Phillips pulled Bisutti aside during one of the drills. 

“What year are you?” 

It was a small victory, but it was the first time Phillips spoke directly to Bisutti.

Later that day, he got a different text. 

Antonio couldn’t tell his family. He didn’t want to jinx it.

He didn’t tell them when he got the text asking for his transcripts. He didn’t tell them when he got invited to a graduate assistant coach’s office to sign NCAA and Mid-American Conference compliance forms. 

Instead, he waited until the first day he walked into the locker room. It had to be official.

Once it was, he wanted to surprise his loved ones. 
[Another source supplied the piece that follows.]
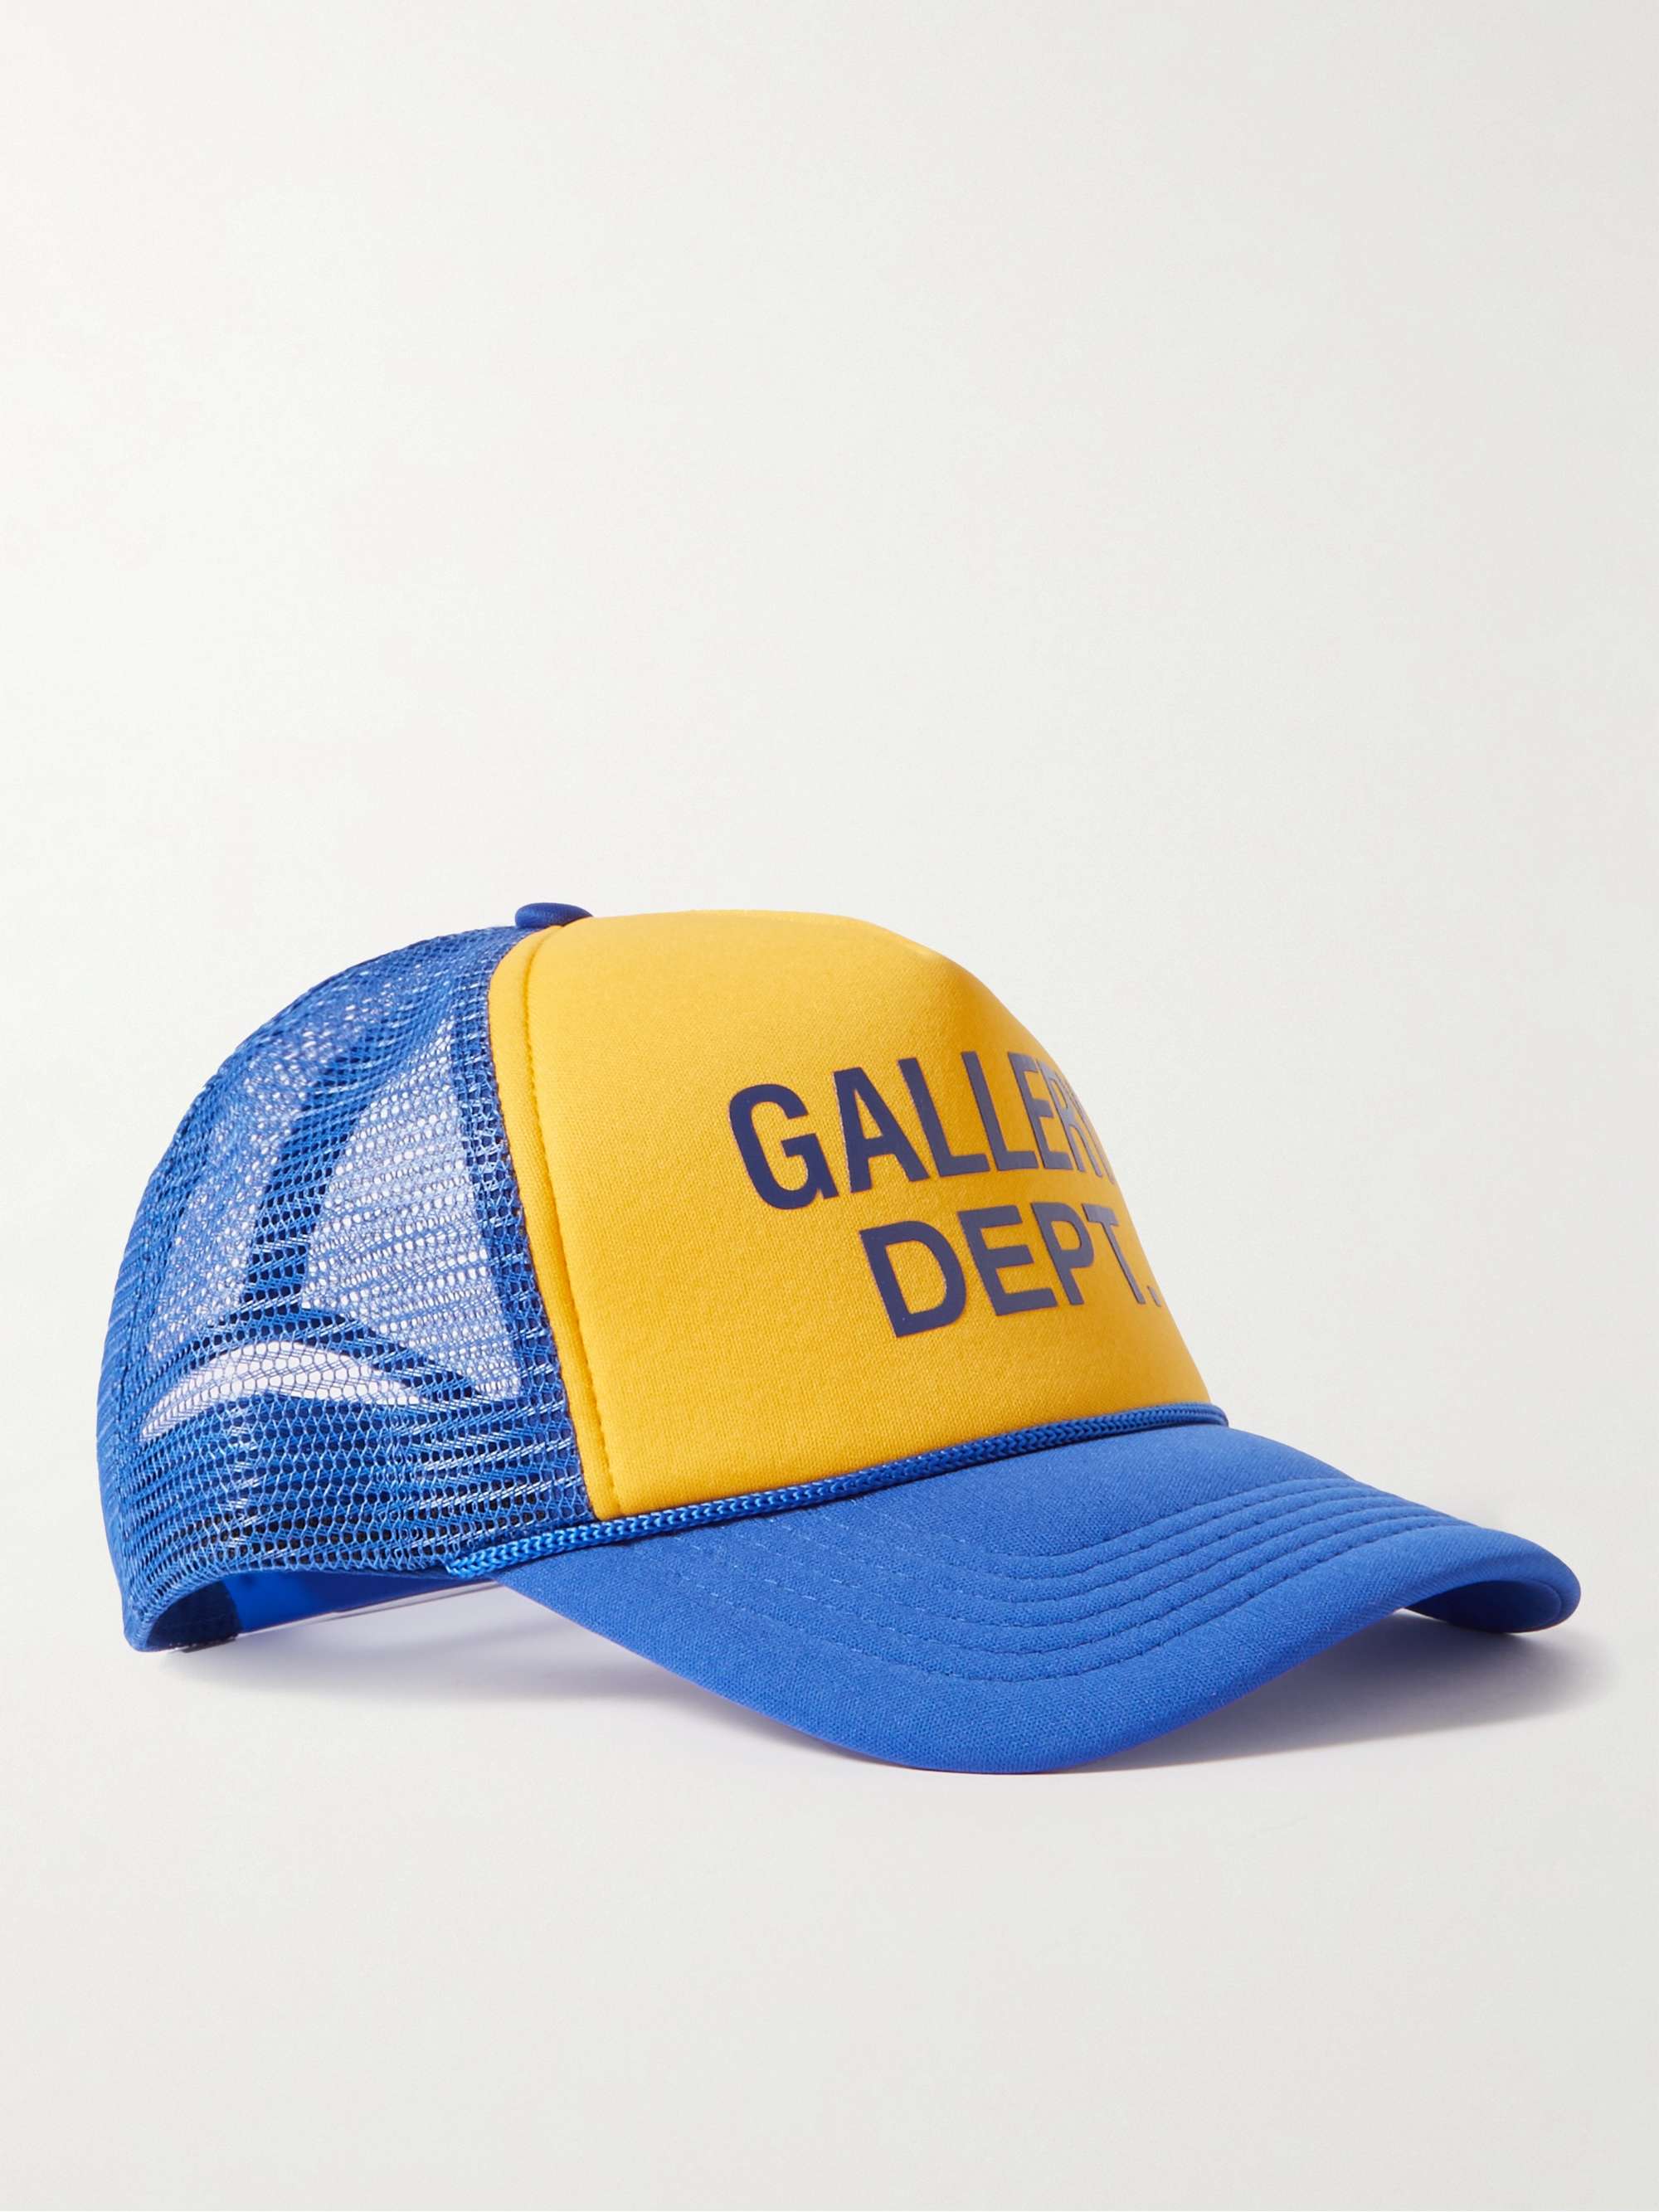 GALLERY DEPT. Printed Two-Tone Twill and Mesh Trucker Cap for Men

He called his dad first. They forged a special relationship through basketball, so it was only right Antonio officially announced it to his dad first. 

“I was shocked, proud and happy,” Tony said. “Ecstatic that I had something to do during the winter.”

Lipps was the only one who had known about the tryout in the weeks leading up to it. She found out at the library. He told her in person.

“I’ve never seen him so happy in his entire life,” Lipps said. 

He let it slip to his mom that he was trying out the day before. The waiting was torture for her. When she found out he made it, she cried. 

“I was sobbing," Holly said. "Sobbing."

Antonio still works just as hard as he did when he was cut. Except now, he has the Division I facilities. He gets one-on-one time with coaches. 

It’s paying off, too. When Antonio was shooting around in a compression shirt recently, Phillips noticed the weight room work paying off. 

“You came in here with a D III body,” Phillips said. “Now you’ve got a D I body.” 

He’s got a Division I jersey as well, to go along with a Division I jump shot and a Division I backpack. 

“It feels great (to wear it around),” Antonio said. “Especially now that it’s Adidas.”

The dream is complete. 

“I worked for it for years,” he said. “I love basketball and it definitely meant a lot to me and it meant a lot to my family.”